Indeed, it’s important for patients to remember to keep living their pre-diagnosis lives. Money may be tight, but spending it on a family trip or a special meal could ultimately be more important than a few months of austerity. It’s an unwelcome thought, but the worst-case scenario can happen. “Try to keep that in perspective and make sure some of those quality of life decisions are made,” Horyna says. “I think it’s critical, and makes all the difference for people.”

Help is available for many challenges, but patients have to know who to ask. Many cancer centers have social workers available who can facilitate just about anything, including finding free or low-cost transportation and helping patients file for disability or Medicare benefits.

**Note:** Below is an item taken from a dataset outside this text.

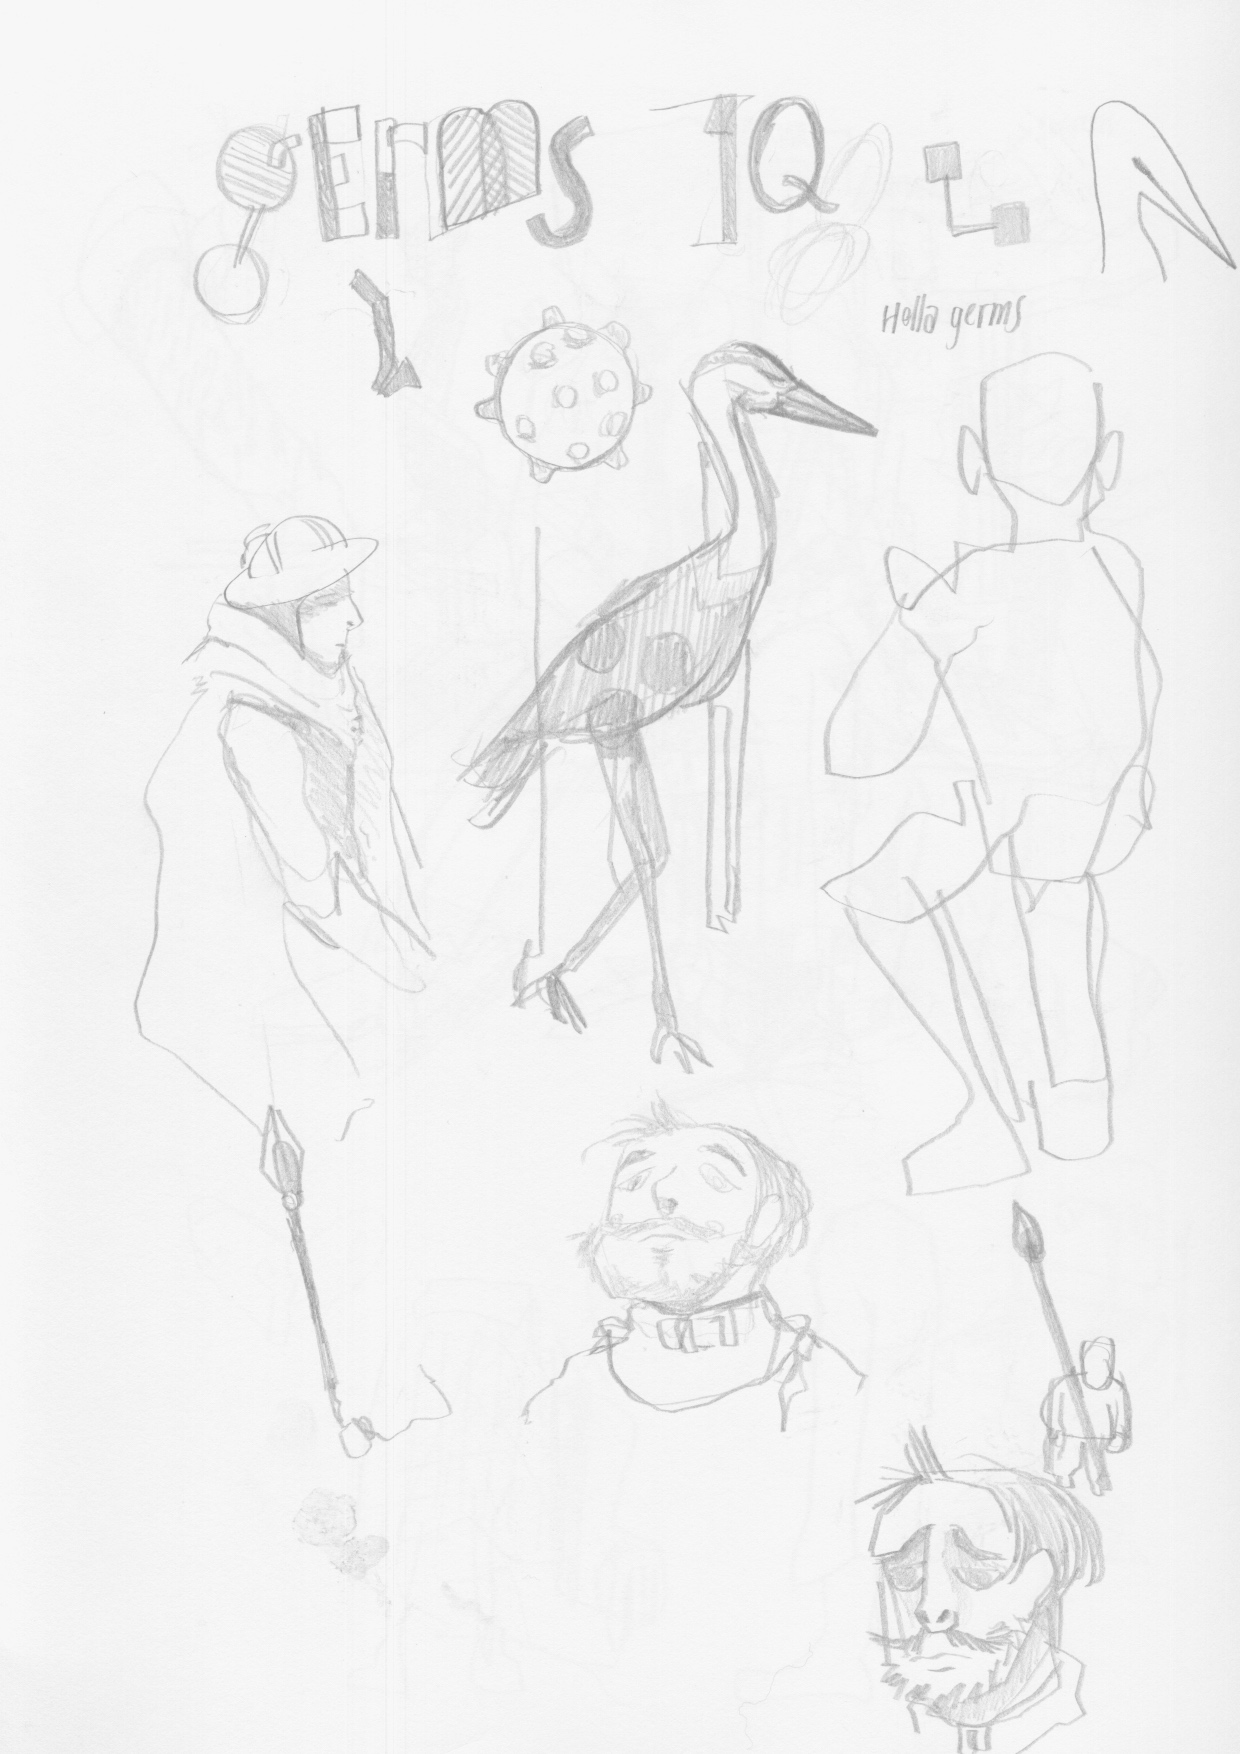 Sketchbook page 186

Patient advocates have also become essential. Glenda Chambers appealed to the Co-Pay Relief Program of the Patient Advocate Foundation to get help with her Neupogen bill. Since April 2004, this program has covered more than $190 million in pharmaceutical co-pays for more than 95,000 patients.

Pete Daly first approached the Center for Patient Partnerships for help in 2002 when he received a diagnosis of stage 3 melanoma and was given a 50-percent chance of survival. More than 10 years and two clinical trials later, he now works as a patient advocate and has his own unique perspective on the difference between rolling the dice and balancing medical costs. “Get the best care you can, and do that with some [disregard] for the cost implications,” he counsels. But don’t ignore cost completely.

“If you’re going to throw all the bills in a shoebox, don’t forget the box is there,” he says. “And don’t forget to ask somebody for help with it. Just be realistic about it,” he adds. And don’t let cost issues or insurance approvals steer the way.